Apolipoprotein (apo) B48, a protein contained in intestinally derived lipoprotein particles, is synthesized by post-transcriptional editing of apoB100 mRNA. This reaction is mediated by an enzyme complex that includes the catalytic subunit, apobec-1. The liver of most mammals, by contrast, contains only unedited apoB mRNA and secretes apoB100, the major protein component of plasma low-density lipoprotein (LDL). Because rabbits, like humans, fail to edit hepatic apoB100 mRNA, we introduced a recombinant adenovirus encoding apobec-1 into the livers of LDL receptor-defective rabbits to determine the impact on lipoprotein metabolism of hepatic apoB48 secretion. Transgene expression was mainly confined to the liver and was sustained for up to 3 weeks following virus administration, as evidenced by the presence of apobec-1 mRNA and the ability of hepatic S100 extracts to edit a synthetic apoB RNA template in vitro. The transient induction of hepatic apoB mRNA editing accompanied alterations in very-low-density lipoprotein (VLDL) size, the presence of apoB48 in fractions spanning the VLDL and LDL range, and modest reductions in total plasma cholesterol levels.

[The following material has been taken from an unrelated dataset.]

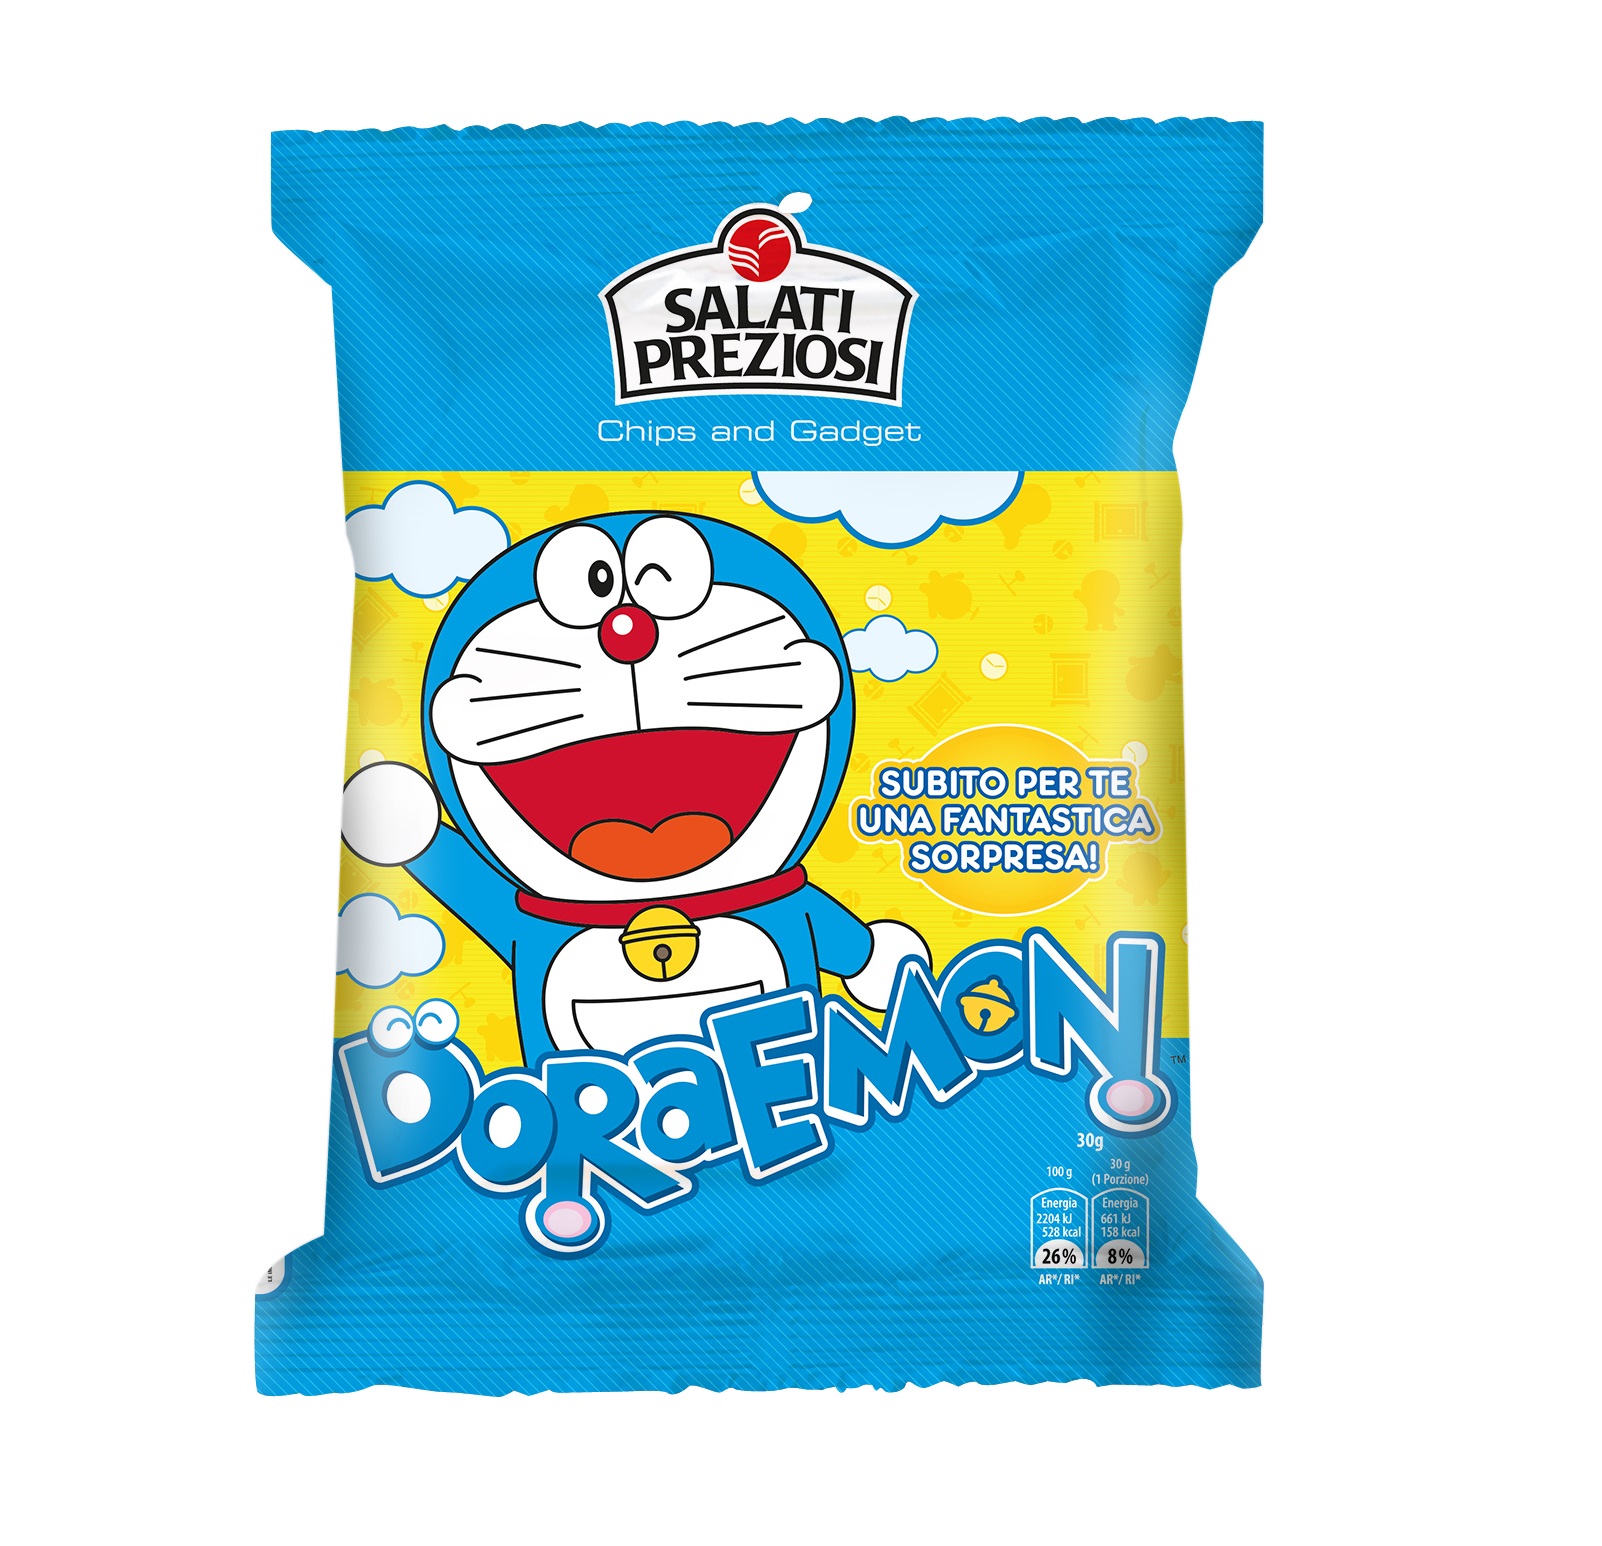 Tante licenze per l’utilizzo del character Doraemon

Recombinant adenovirus is a useful tool not only for gene therapy, but also for elucidating in vivo functions of recently cloned genes. apobec-1 is the catalytic subunit of the enzyme complex responsible for synthesis of apoB48 mRNA by post-transcriptional editing of the apolipoprotein B100 (apoB100) mRNA. In rabbits and humans, unlike mice, the liver normally produces only apoB100 mRNA. A recombinant adenovirus encoding apobec-1 was generated to determine whether apobec-1 expression in rabbit liver would be sufficient to produce hepatic apoB48, and the effects of lipoprotein levels in a rabbit model of human familial hypercholesterolemia. The resulting expression of apoB48, accompanied by moderate decreases in plasma cholesterol, confirm that hepatic apobec-1 expression confers the ability to edit apoB100 mRNA, and alters lipoprotein profiles in hypercholesterolemic animals.